■ **Work order**
Return the data below exactly, minus the pictures.

■ **Supplied data**
▬▬▬
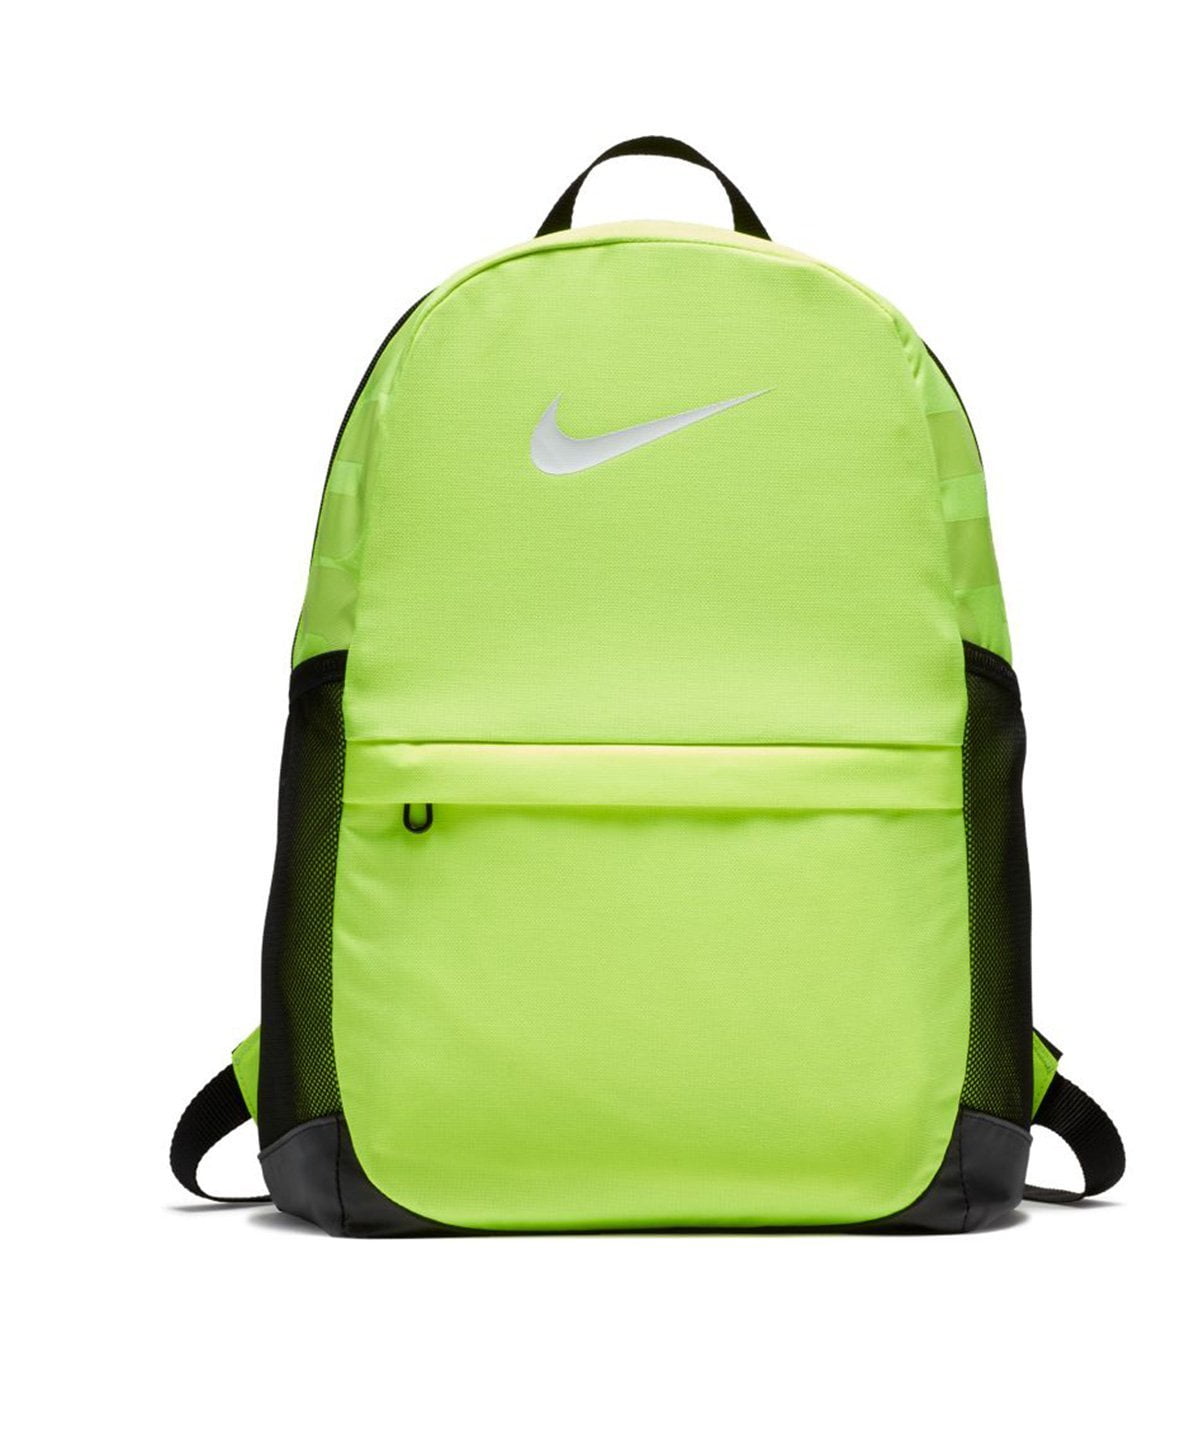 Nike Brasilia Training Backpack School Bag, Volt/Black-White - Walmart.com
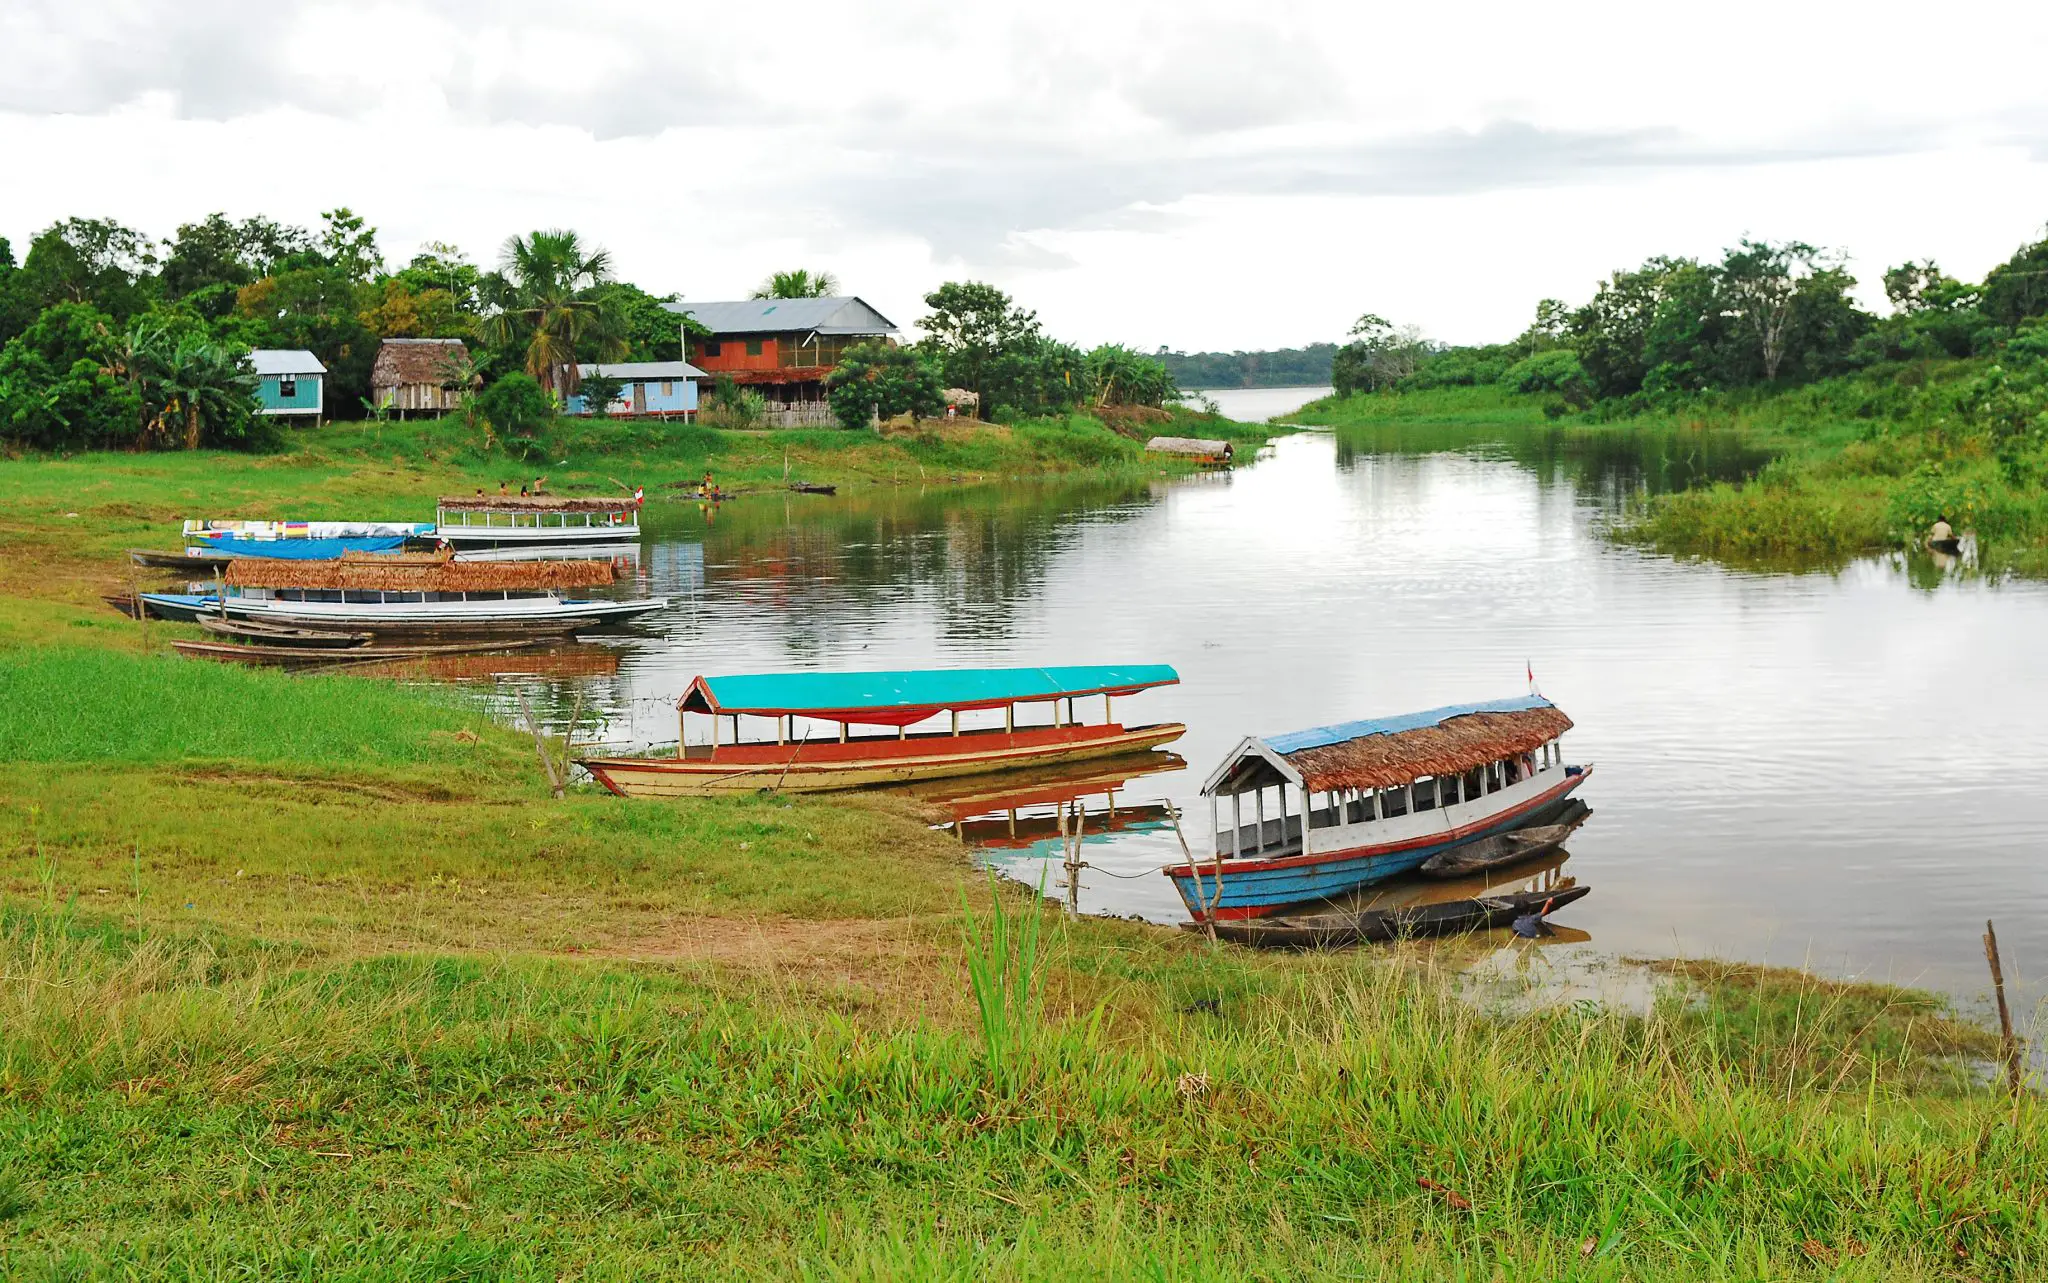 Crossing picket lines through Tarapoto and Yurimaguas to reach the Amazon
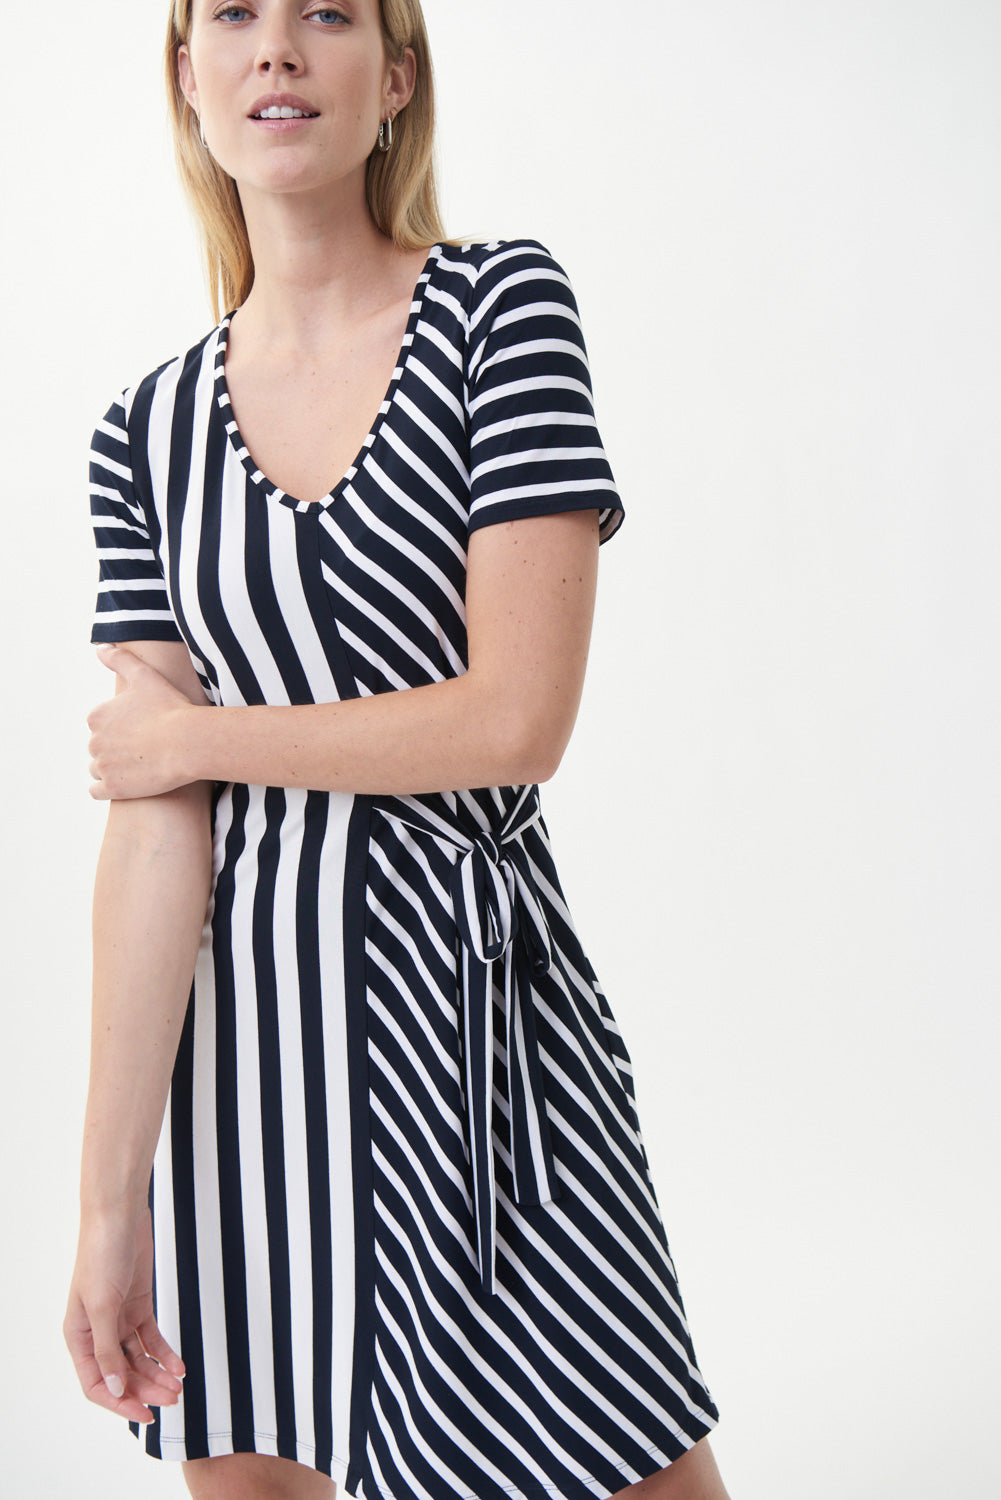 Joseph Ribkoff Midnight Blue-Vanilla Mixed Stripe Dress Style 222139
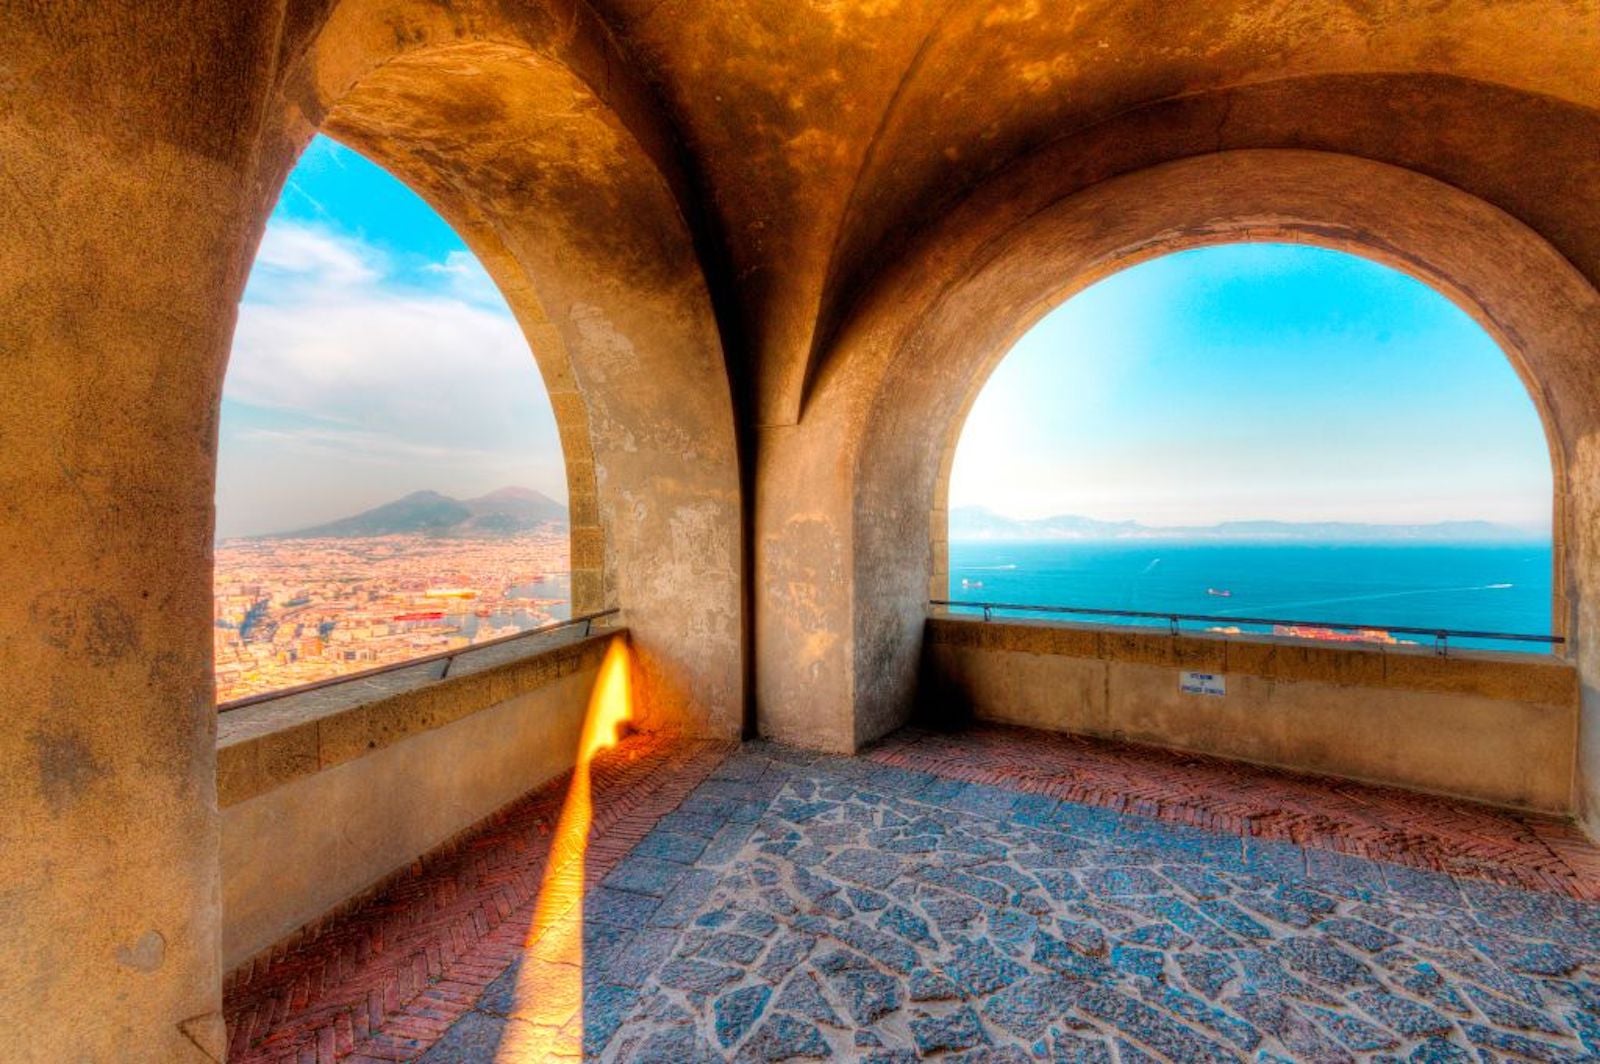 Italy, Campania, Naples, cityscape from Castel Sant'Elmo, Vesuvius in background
▬▬▬
■ **Solved problem**
 Nike Brasilia Training Backpack School Bag, Volt/Black-White - Walmart.com
 Crossing picket lines through Tarapoto and Yurimaguas to reach the Amazon
 Joseph Ribkoff Midnight Blue-Vanilla Mixed Stripe Dress Style 222139
 Italy, Campania, Naples, cityscape from Castel Sant'Elmo, Vesuvius in background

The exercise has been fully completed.